**** Dataset extract ****

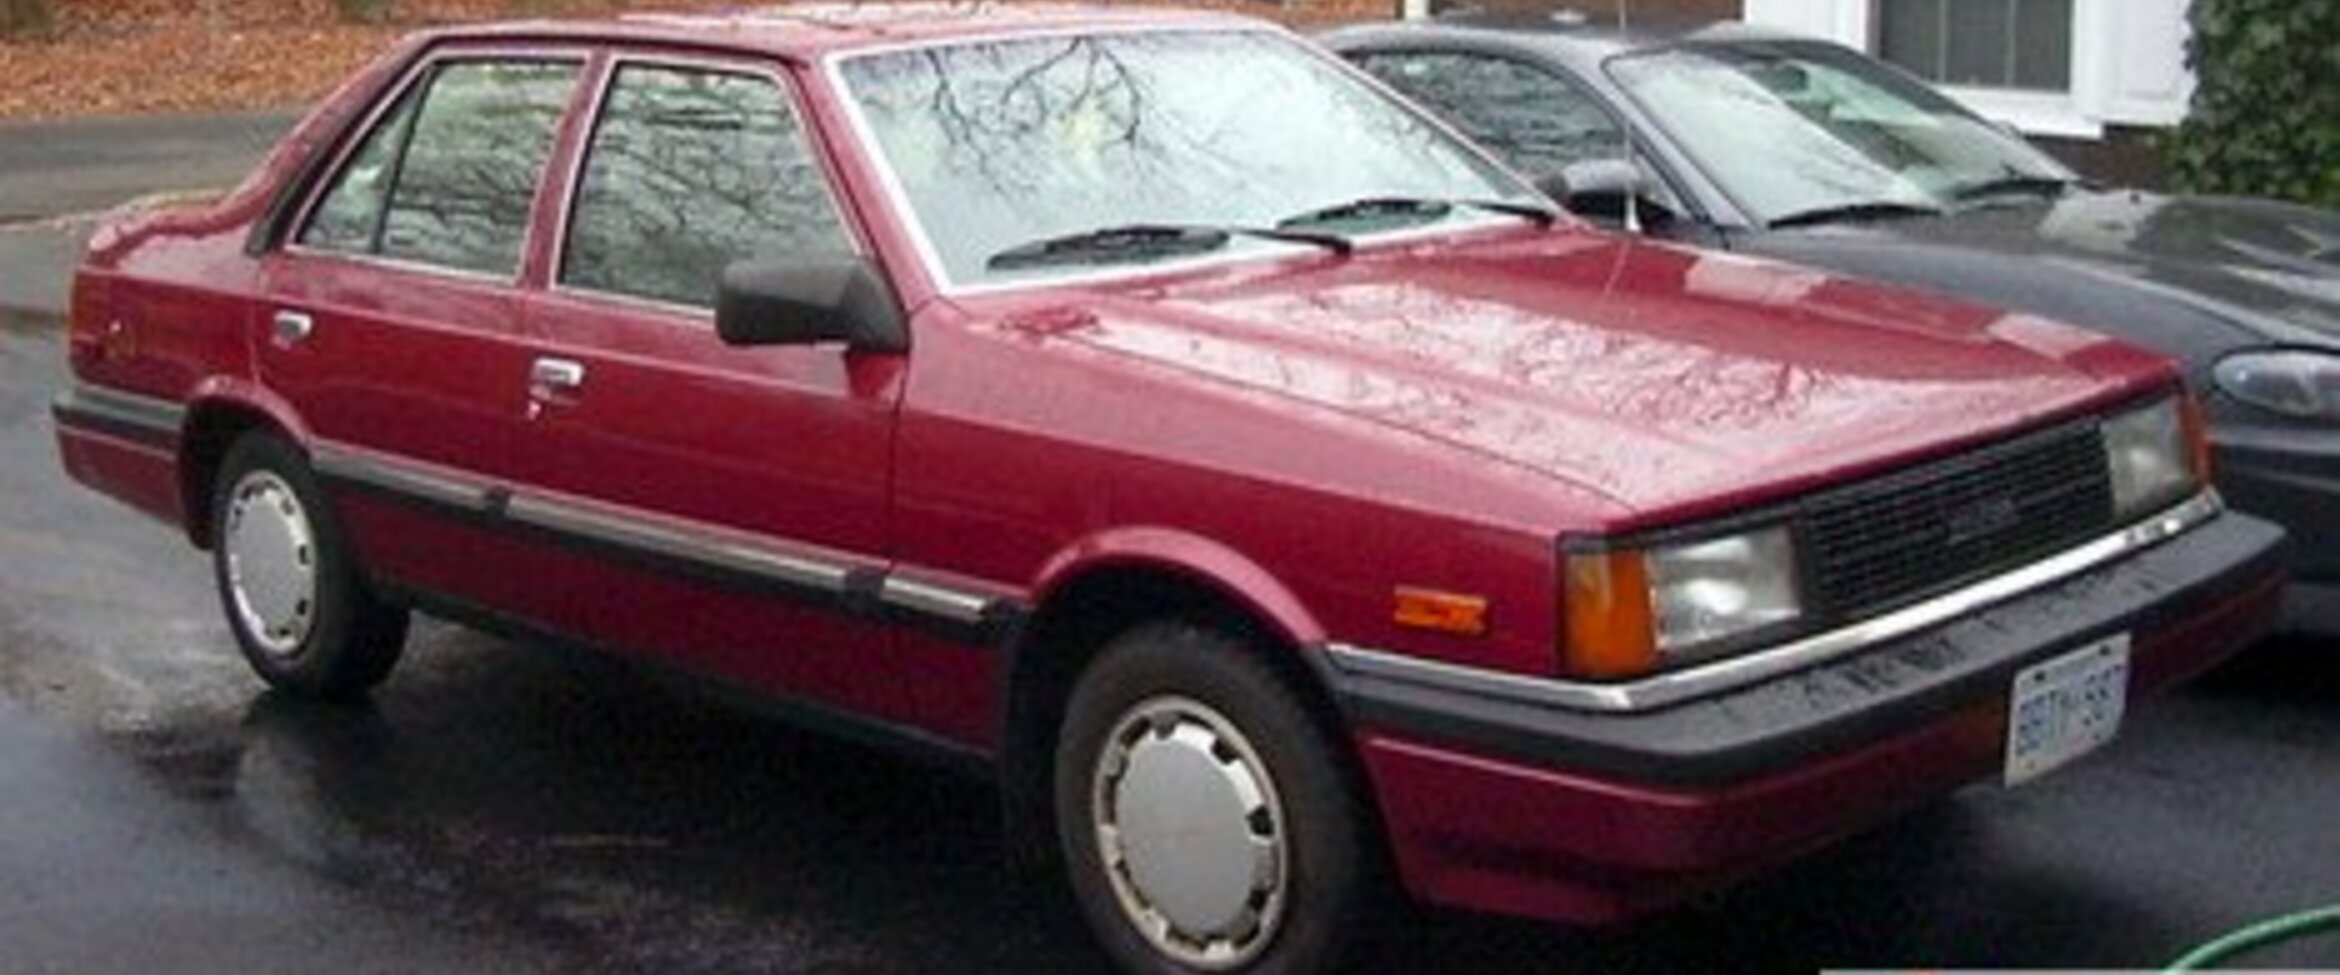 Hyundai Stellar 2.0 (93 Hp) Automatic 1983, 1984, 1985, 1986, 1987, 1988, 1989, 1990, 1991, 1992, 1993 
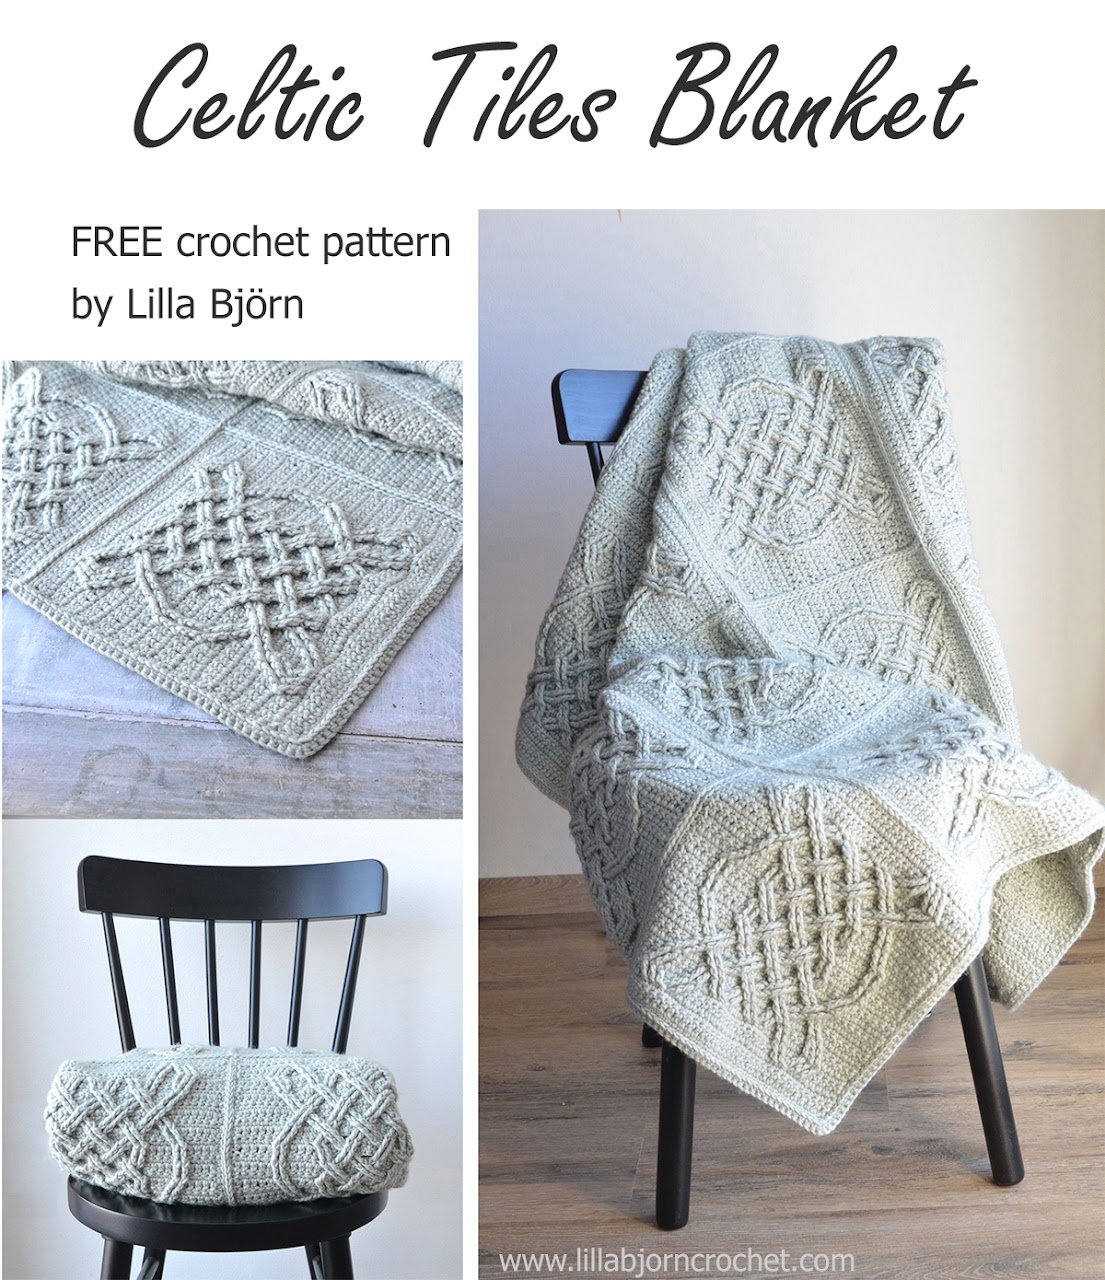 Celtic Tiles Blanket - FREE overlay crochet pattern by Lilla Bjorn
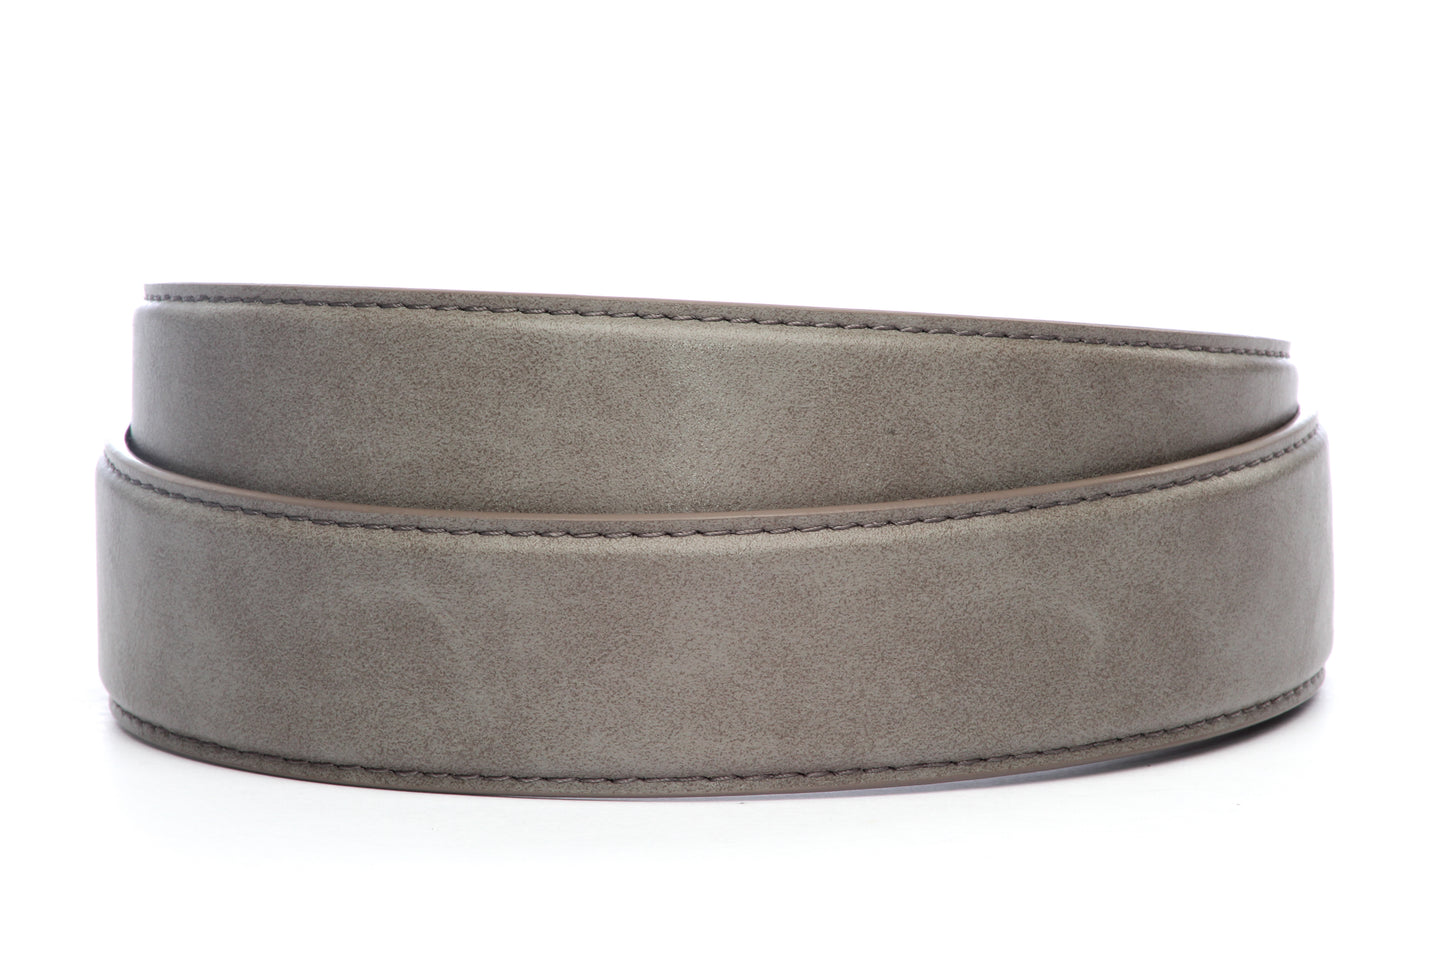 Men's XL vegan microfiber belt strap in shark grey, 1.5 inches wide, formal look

****

> _Directions for this task_
Omit the pictures, then set down all the remaining data exactly as given.

> _Answer space_
 Hyundai Stellar 2.0 (93 Hp) Automatic 1983, 1984, 1985, 1986, 1987, 1988, 1989, 1990, 1991, 1992, 1993 
 Celtic Tiles Blanket - FREE overlay crochet pattern by Lilla Bjorn
 Men's XL vegan microfiber belt strap in shark grey, 1.5 inches wide, formal look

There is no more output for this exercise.